◆ WHAT TO WORK ON ◆
From first line to last, transcribe the listing exactly and skip any image.
---------- DATA EXTRACT
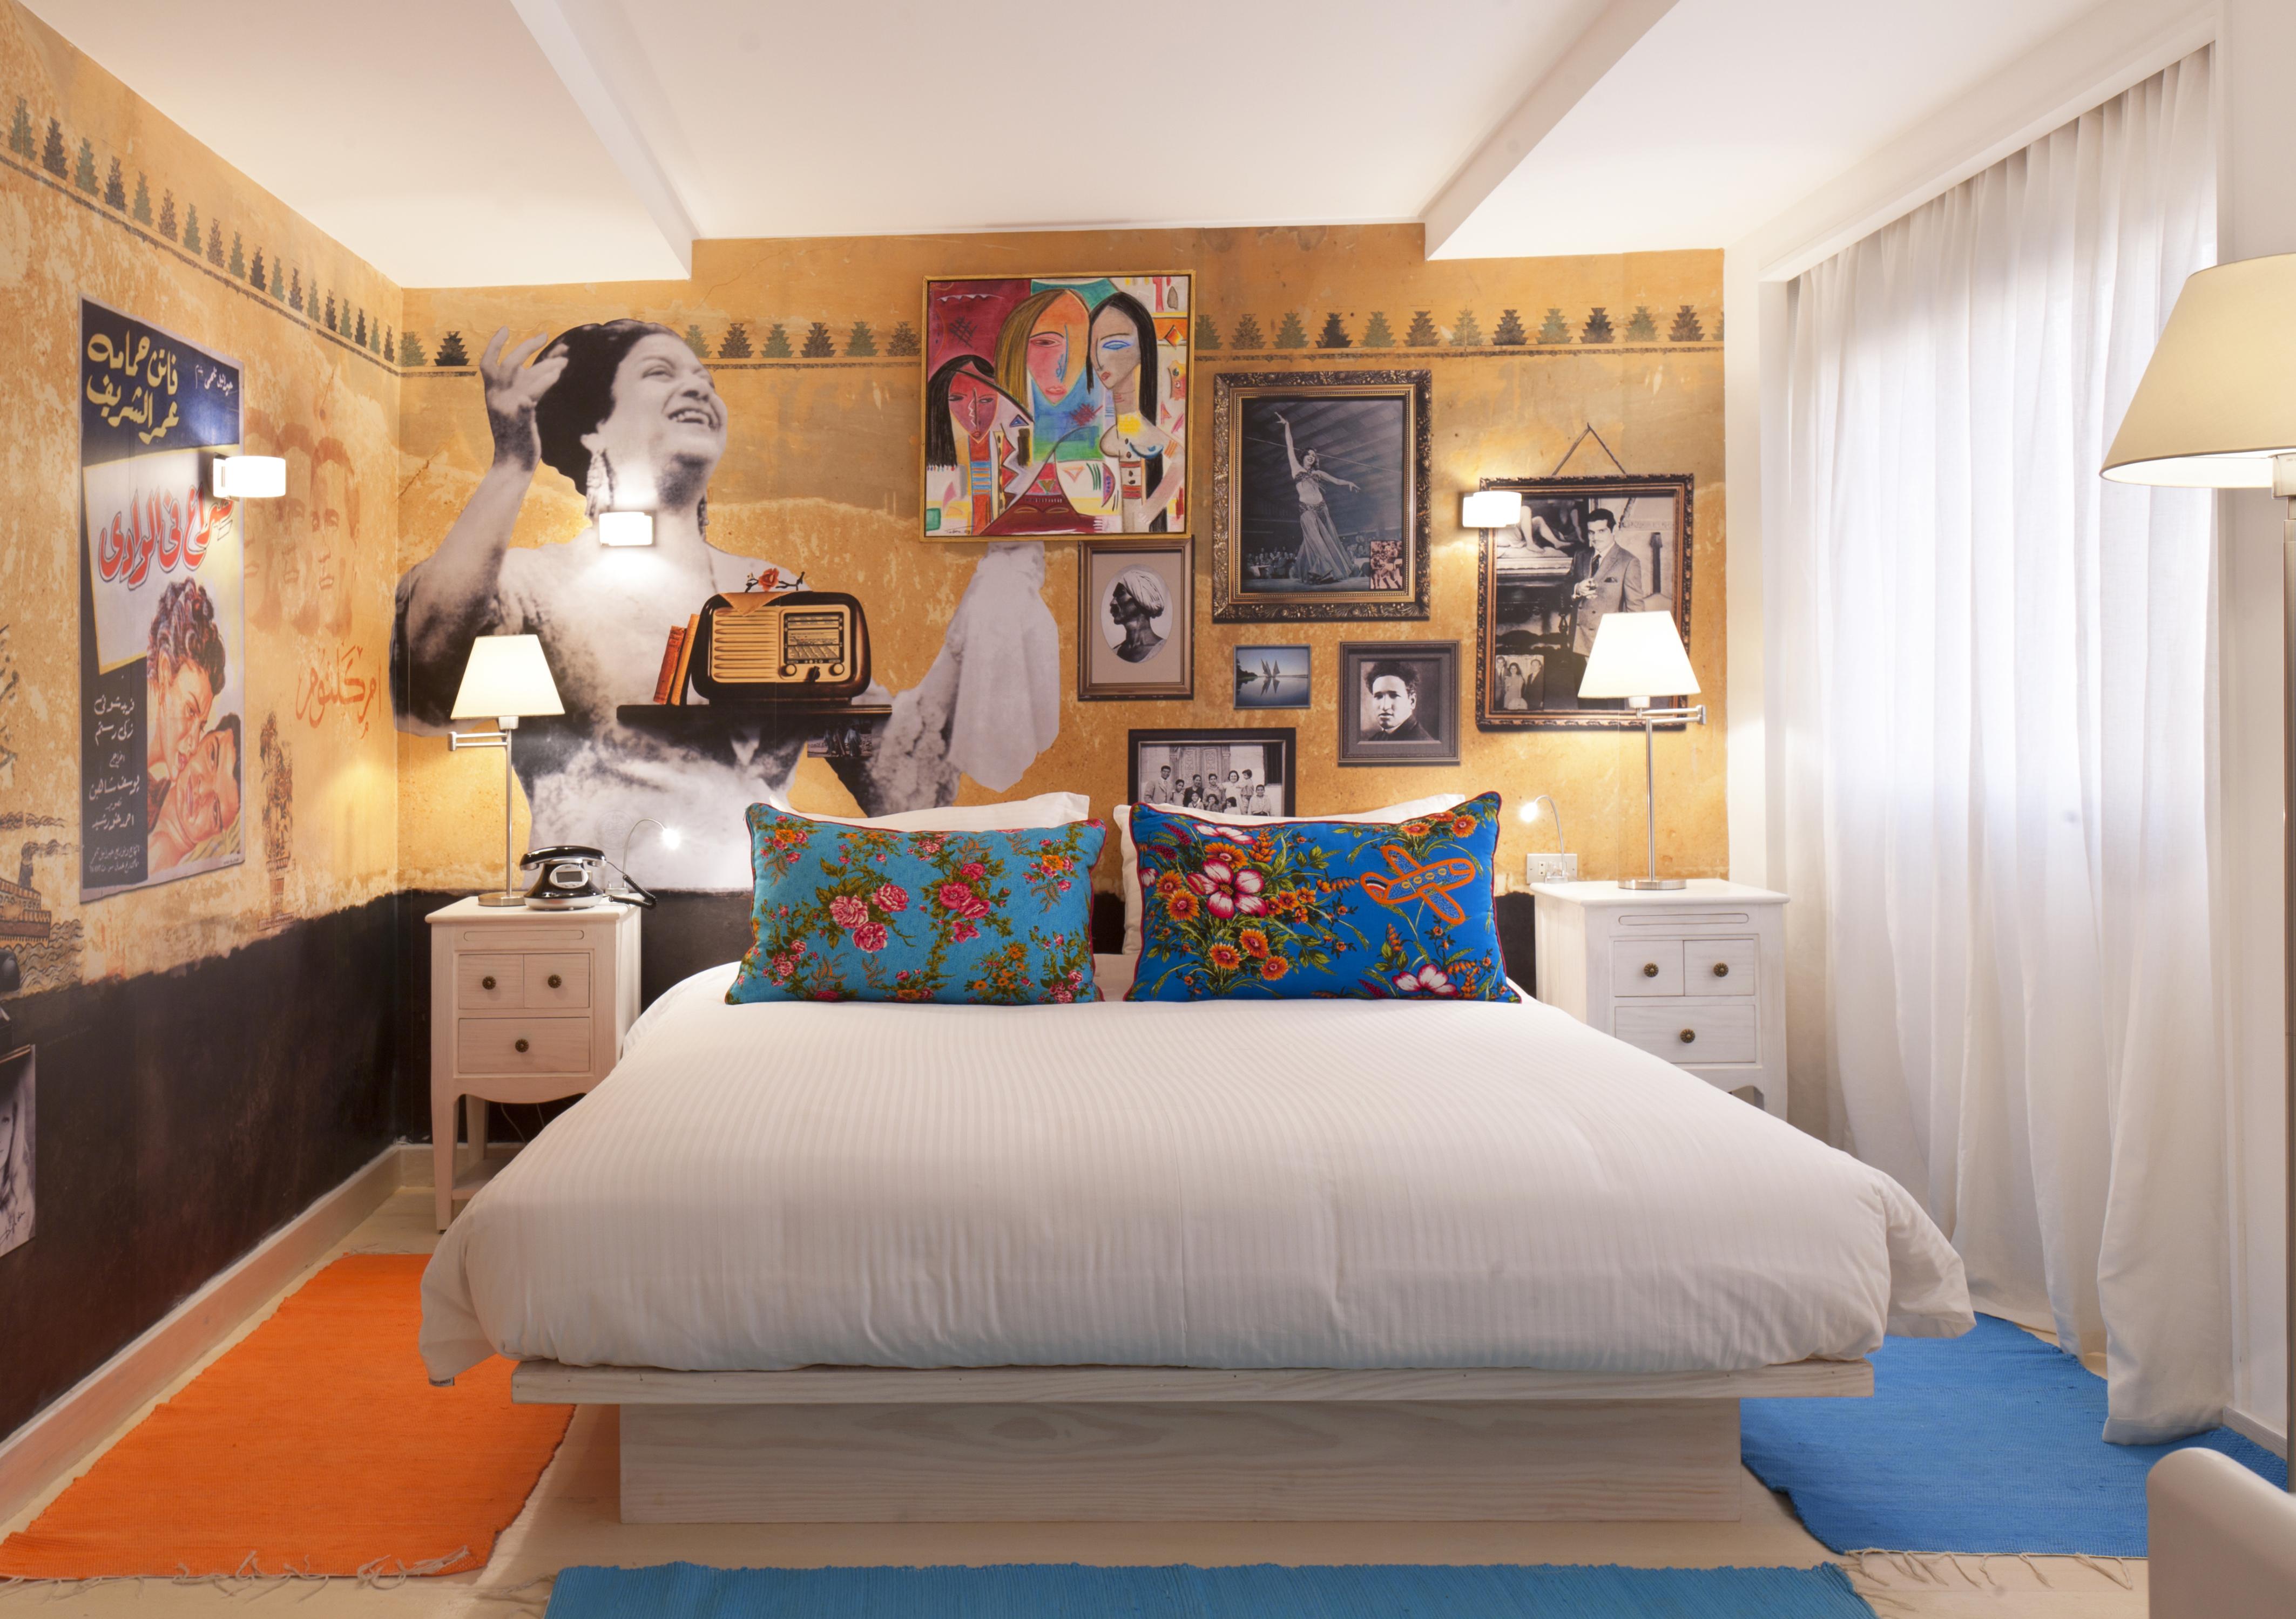 nile-cruise-bedroom
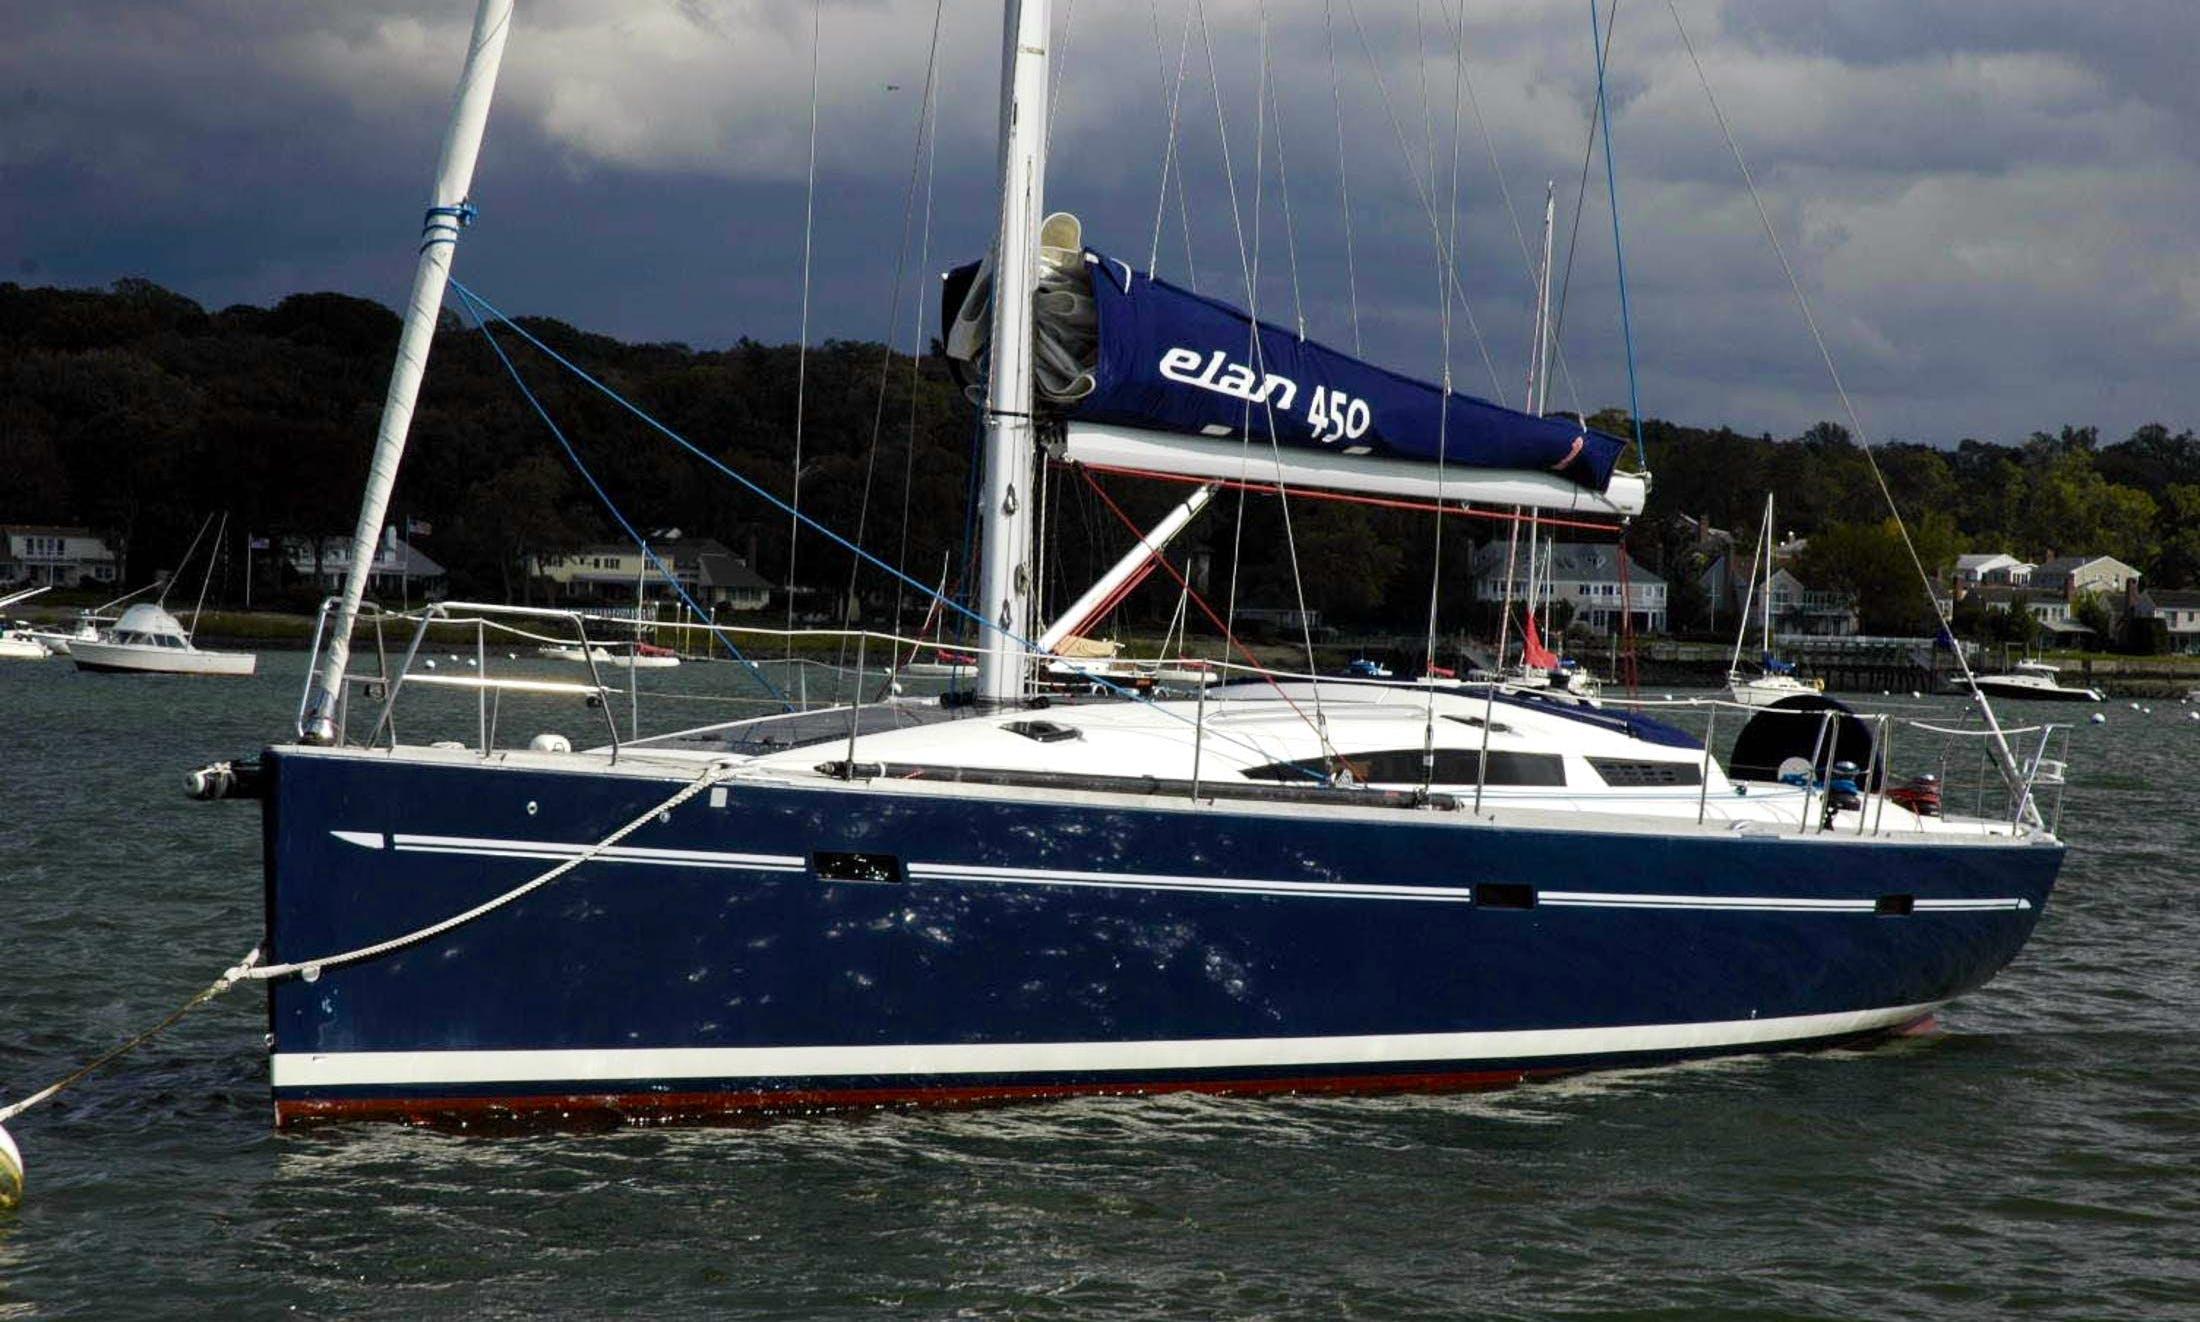 Hire an Elan 450 Sailing Yacht in Andalucía, Spain
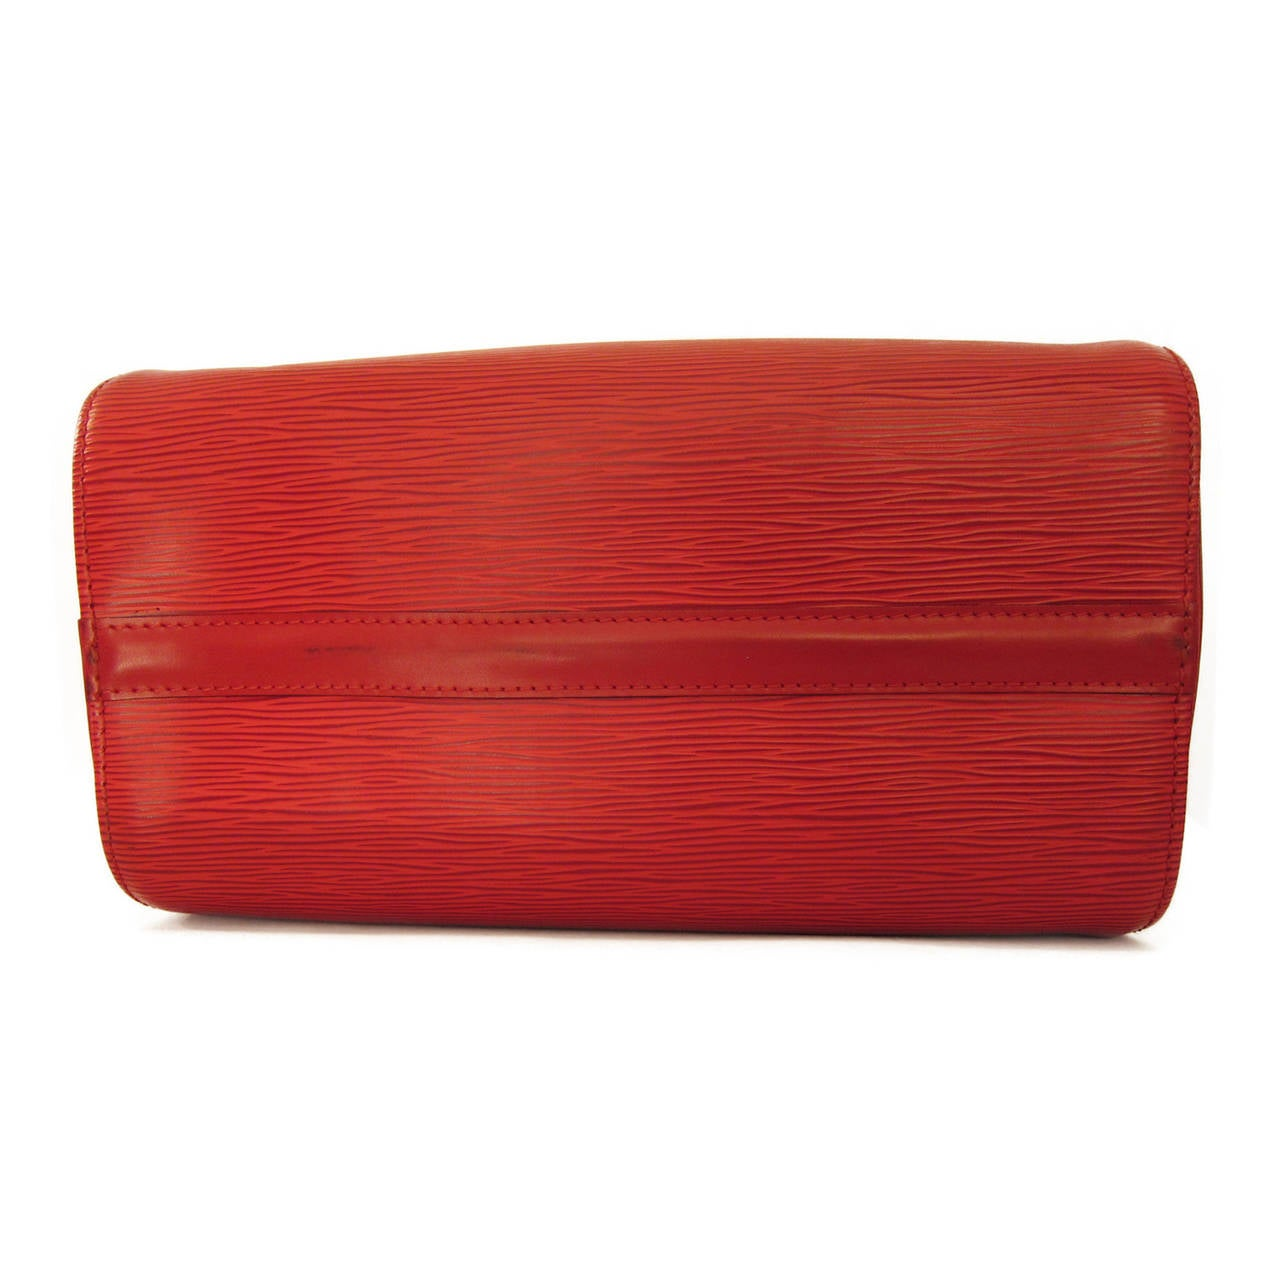 Louis Vuitton Speedy 30 Epi Red For Sale 1
--------------------
◆ OUTPUT BELOW ◆
 nile-cruise-bedroom
 Hire an Elan 450 Sailing Yacht in Andalucía, Spain
 Louis Vuitton Speedy 30 Epi Red For Sale 1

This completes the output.